Geboren 1914 in Ungarn, emigrierte Yehudit 1938 nach Amsterdam und arbeitete als Kindermädchen für eine jüdischen Familie. Nach der deutschen Besetzung ließ sie sich zur Kosmetikerin ausbilden und lernte so die Frau des ungarischen Botschafters in den Niederlanden kennen, die ihr einen Pass besorgte, der sie nicht als Jüdin auswies. Yehudit schloss sich einer Widerstandsgruppe an und verteilte gefälschte Lebensmittelkarten und Essen an jüdische Familien, die sich auf holländischen Bauernhöfen versteckten. Nachdem sie von einer holländischen Frau verraten worden war, wurde sie 1944 über Westerbork ins Konzentrationslager Ravensbrück deportiert. Dort musste sie in der Fabrik von Siemens Zwangsarbeit leisten. Sie und ihre Freundinnen schrieben „Phantasierezepte”. Gegen Kriegsende wurde Yehudit einem Bernadotte-Konvoi angeschlossen und erreichte Schweden. Sie starb 2003 in Israel.

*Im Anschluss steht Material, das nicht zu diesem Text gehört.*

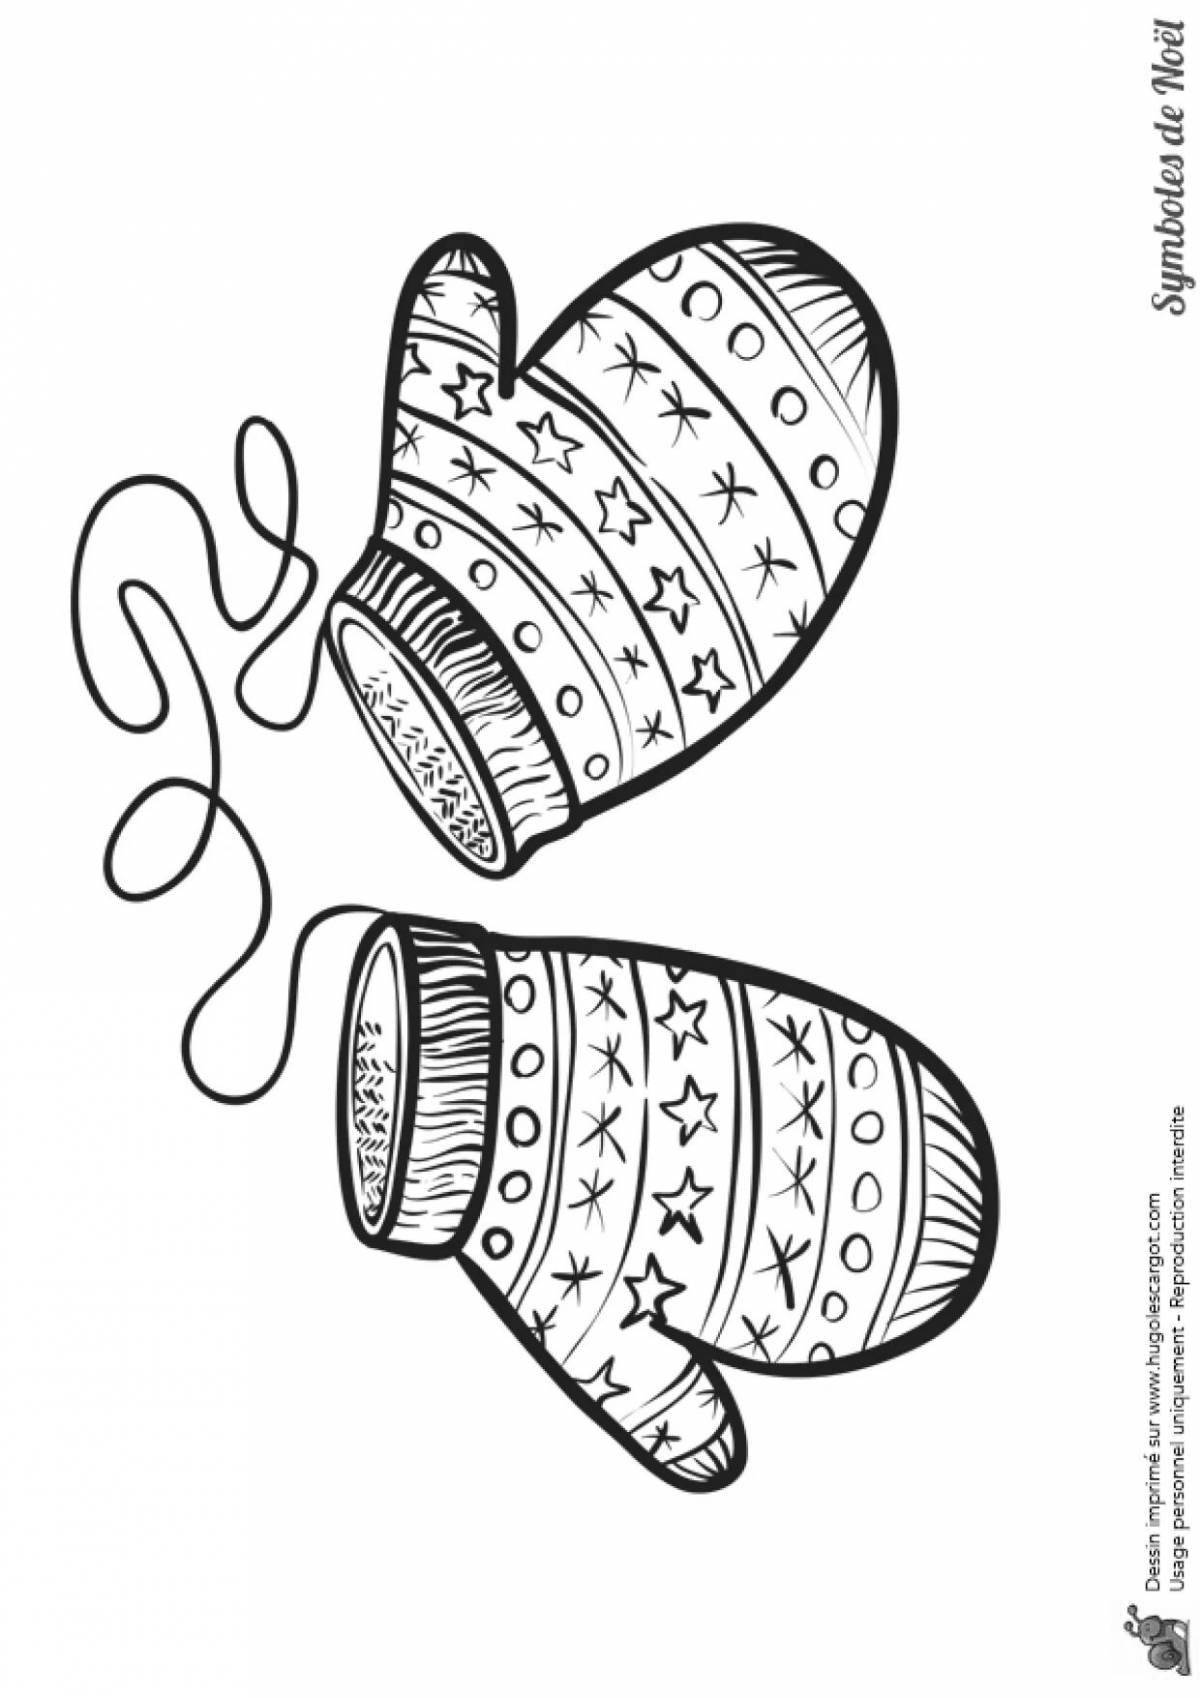 Coloring book witty rubber mittens

Wir hatten weißes Papier aus schlechter Qualität. Wir nahmen ein großes Blatt und falteten es in viele kleine Stücke. Ich holte Nadel und Faden und nähte es so zusammen, dass es nicht auseinanderfallen konnte und wir fingen an aufzuschreiben. Ich werde nie vergessen, wie eine holländische Frau zu mir sagte: „Ich habe eine ´Birnenkugel`, schreibe es auf.” Ich sagte: „Ich habe so etwas noch nie gegessen, deshalb habe ich kein Verlangen danach.” Sie sagte: „Aber es würde mir so viel Freude machen, darüber zu sprechen.” So tat ich ihr den Gefallen und schrieb es auf. Unser Ziel war es, unser Bedürfnis nach Nahrung zu stillen. Wenn Du Hunger hast, interessiert dich nichts anderes mehr als Essen.

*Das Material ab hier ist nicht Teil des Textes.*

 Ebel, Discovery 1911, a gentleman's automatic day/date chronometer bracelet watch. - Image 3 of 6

Yehudit (Aufrichtig) Taube

Yehudit Aufrichtig war krank und verpasste daher die Ausgabe der täglichen Brotration. Ihre beste Freundin, Edith Gombus, schickte ihr das Brot zusammen mit einer Notiz, in der stand, was sie sich beim Essen vorgestellt hatten:

Frühstück: Nach Karlsbader Art – Eier, Butter, Käse, Marmelade.

Vormittags: Yoghurt, Radieschen. Mittagessen: Kartoffelsuppe mit Sauerrahm und Lorbeerblättern, Spargel in Sauerrahm mit geröstetem Brot. Spiegelei und Schinken in Tomatensoße mit Makkaroni. Bratapfel mit Vanillesoße.

Nachmittags: Heiße Schokolade mit Schlagsahne, Eierwecken mit Mandeln und Wespennest (Maultasche).

Abendessen: Kürbis, Bratkartoffel mit Zwiebeln, Salat mit Frühlingszwiebel, kleine Kekse und schwarzer Kaffee, Obst.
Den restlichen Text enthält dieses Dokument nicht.